Le Canada s'est engagé à verser jusqu'à 20 millions à cinq organisations non gouvernementales (ONG) soutenant la santé et les droits sexuels et reproductifs, a-t-elle annoncé lors de sa participation à la conférence internationale «She Decides» à Bruxelles, en Belgique.

On doit cette initiative à la ministre néerlandaise du Commerce international et du Développement, Lilianne Ploumen, qui a déclaré en entrevue au New York Times avoir été «très déçue» et «un peu étonnée» du geste posé par Donald Trump le 23 janvier dernier, «parce qu'on est en 2017».

De son côté, la ministre Bibeau s'est montrée plus prudente lorsqu'on lui a demandé, lors d'une conférence téléphonique organisée pour les journalistes, ce que la signature du décret lui avait inspiré comme réaction.

«J'arrive au constat qu'on n'a pas les mêmes priorités», s'est-elle contentée d'offrir en riant.

«Pour nous, c'est clair. Pour le Canada, la question du renforcement socio-économique des femmes et de la santé sexuelle et reproductive, ça va être un élément central de la nouvelle politique», a enchaîné Mme Bibeau depuis la capitale belge.

La ministre compte avoir «des discussions» au sujet des «différentes priorités» canado-américaines en matière de développement avec son homologue à l'Agence des États-Unis pour le développement international (USAID), qui n'a pas encore été nommé.

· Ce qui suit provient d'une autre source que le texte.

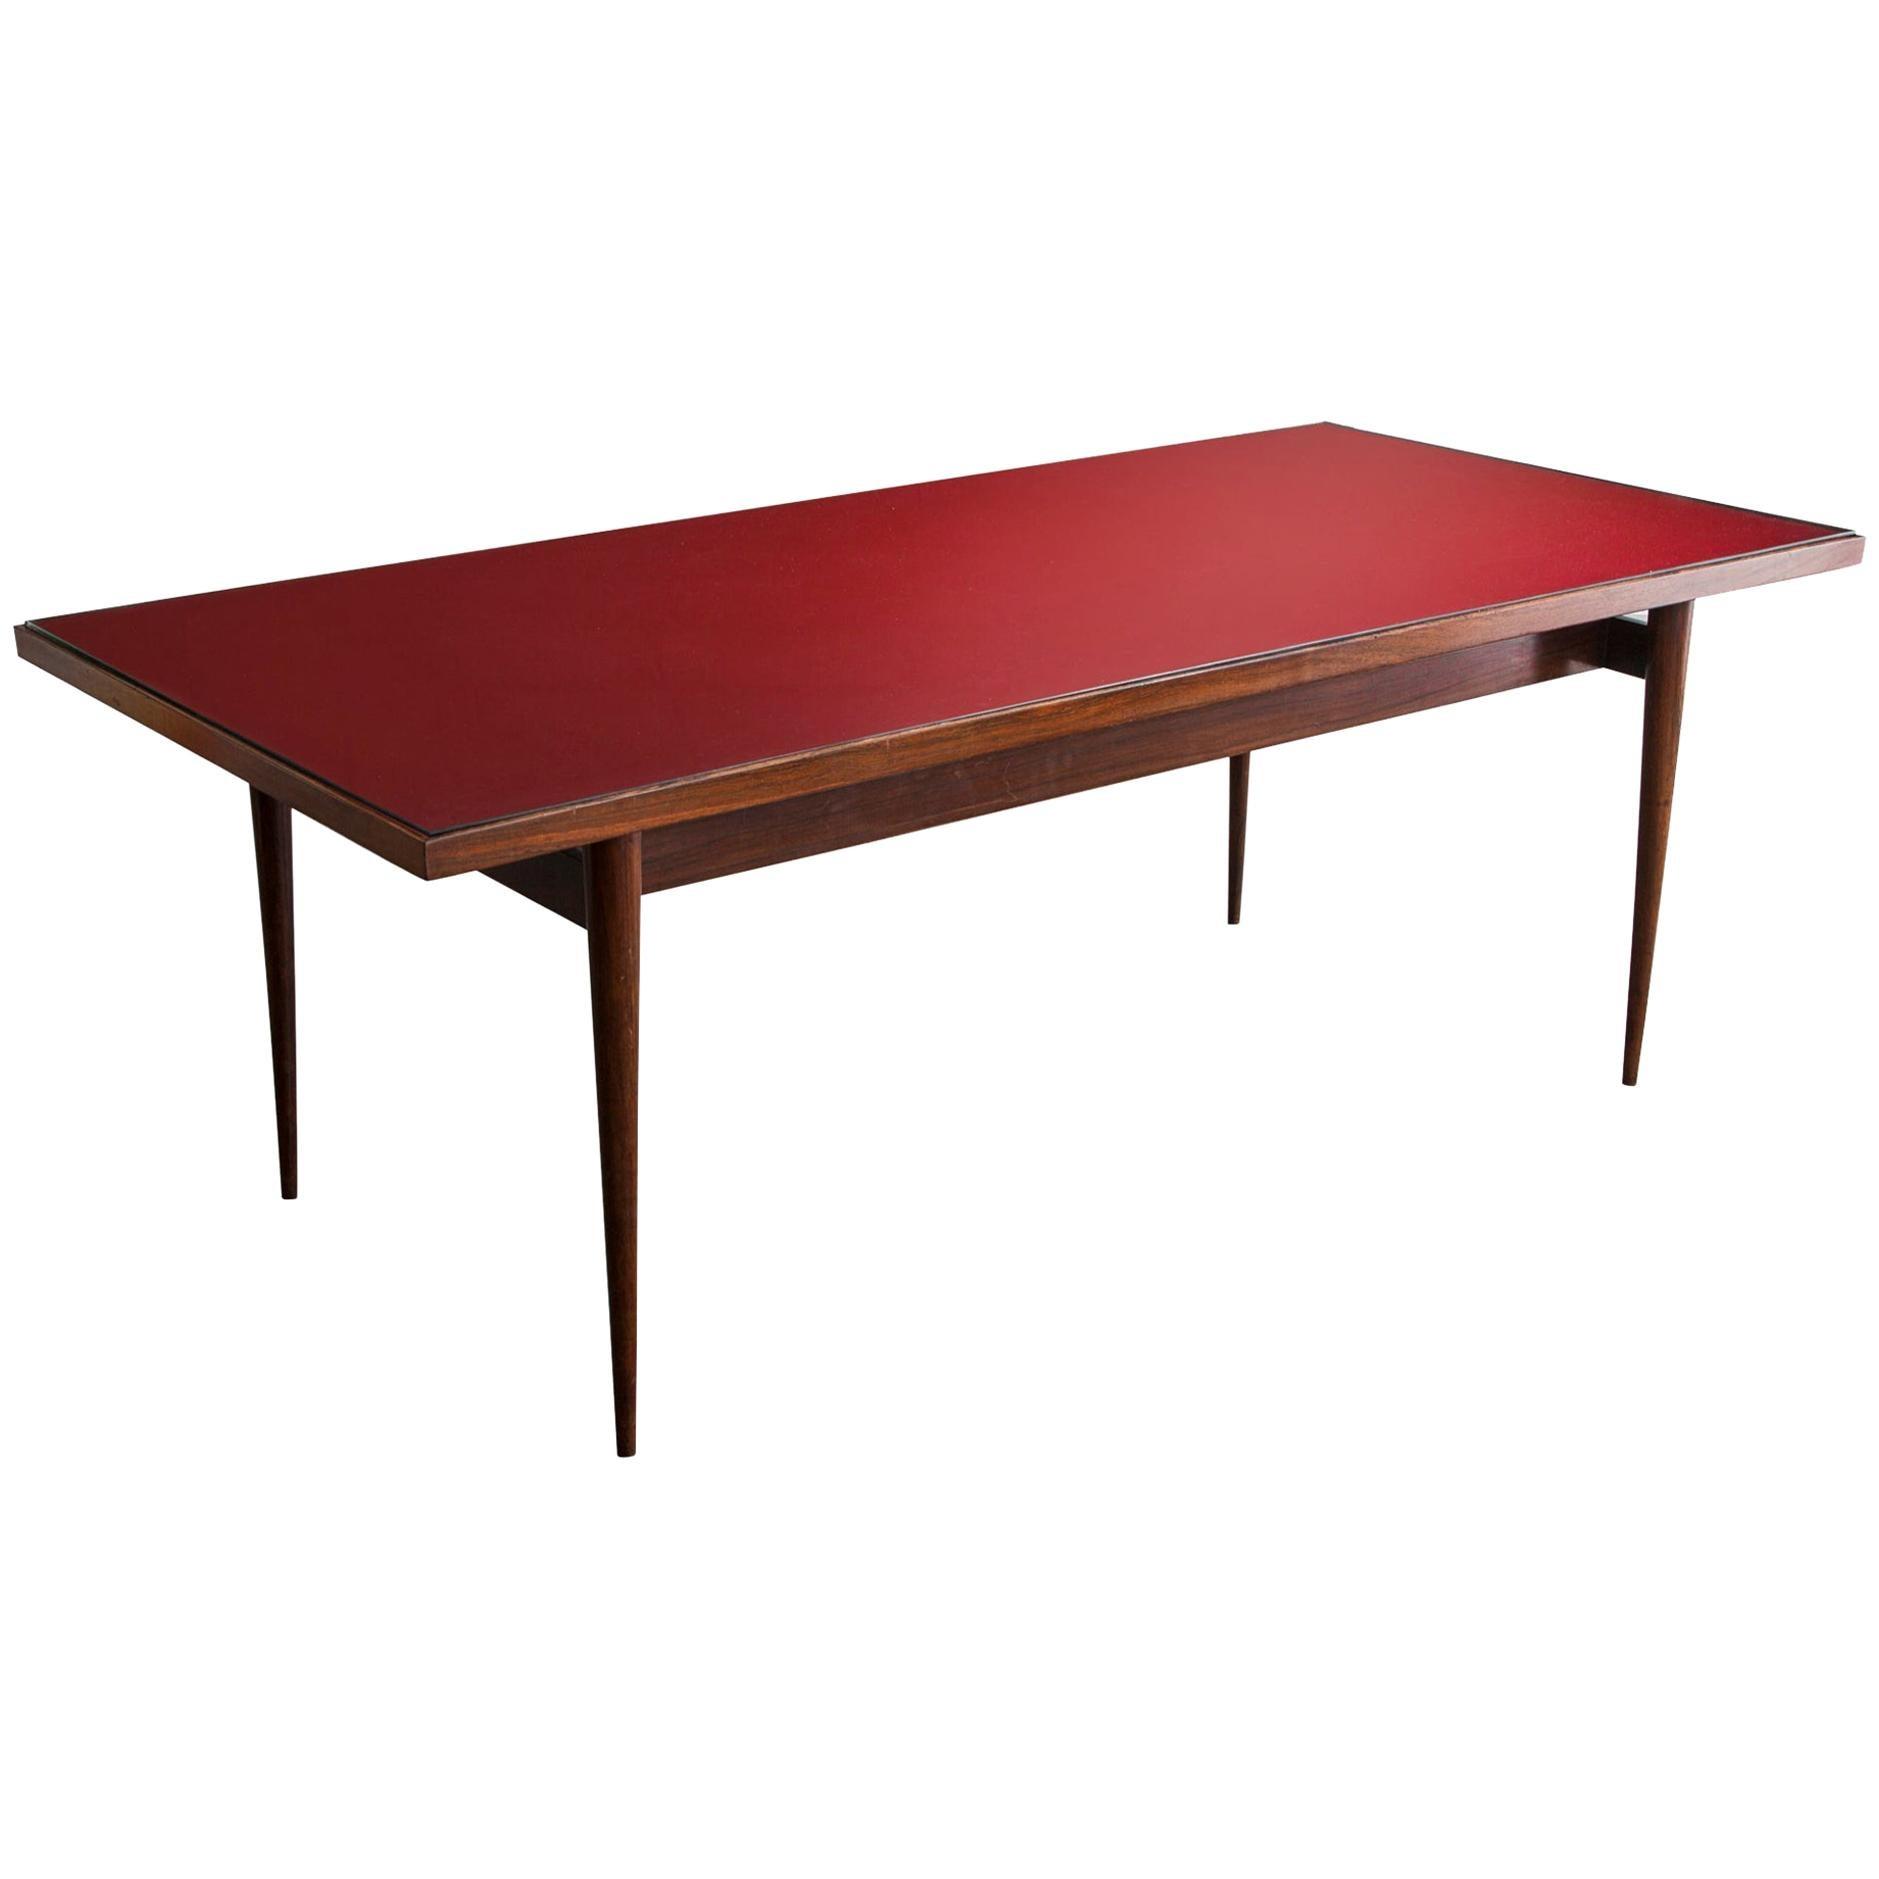 Rosewood Dining Table by Joaquim Tenreiro, 1948

«Il y aura des sujets sur lesquels on va certainement s'entendre et collaborer et d'autres sur lesquels on aura des discussions et on travaillera de façon complémentaire», a-t-elle indiqué à l'autre bout du fil.

200 milions

Au total, nations et philanthropes se sont engagés jeudi à fournir au total près de 200 millions US pour financer la planification familiale.

Une cinquantaine de pays étaient représentés à cette conférence d'un jour, et des donateurs privés comme la Fondation Bill & Melinda Gates ont fourni des dizaines de millions de dollars supplémentaires.

Malgré tout, en retirant ses billes, le gouvernement américain vient en quelque sorte freiner considérablement l'avancement de la cause de la santé sexuelle et reproductive, ont dénoncé jeudi des ONG.

«Bien que ce nouveau financement aide, les conséquences politiques et financières découlant de la réédiction de cette règle du bâillon mondial américain s'aggraveront», a déclaré par voie de communiqué Sandeep Prasad, de l'ONG Action Canada pour la santé et les droits sexuels.

En sabrant ainsi les fonds destinés à la planification familiale, l'administration Trump «met en danger la vie de centaines de milliers de femmes dans le monde», a reproché dans la même déclaration Julie Delahanty, directrice administrative chez Oxfam Canada.

Au téléphone, jeudi, la ministre Bibeau a affirmé d'une part qu'on ne connaissait pas encore «le détail de l'impact de la décision de la nouvelle administration des États-Unis». Elle estime d'autre part que la communauté internationale saura se montrer à la hauteur du défi.

«Nous avons amassé environ 190 millions US avec seulement trois semaines d'avis. Alors je pense que c'est très encourageant», a-t-elle fait valoir, arguant au passage que «peu de gouvernements» peuvent débloquer des fonds dans des délais aussi serrés.

Le succès de la conférence bruxelloise «nous incitera à nous rassembler et à défendre haut et fort les droits des femmes, les droits des enfants», a insisté Mme Bibeau, mentionnant que l'enveloppe canadienne de 20 millions sur un an n'est qu'une «première étape».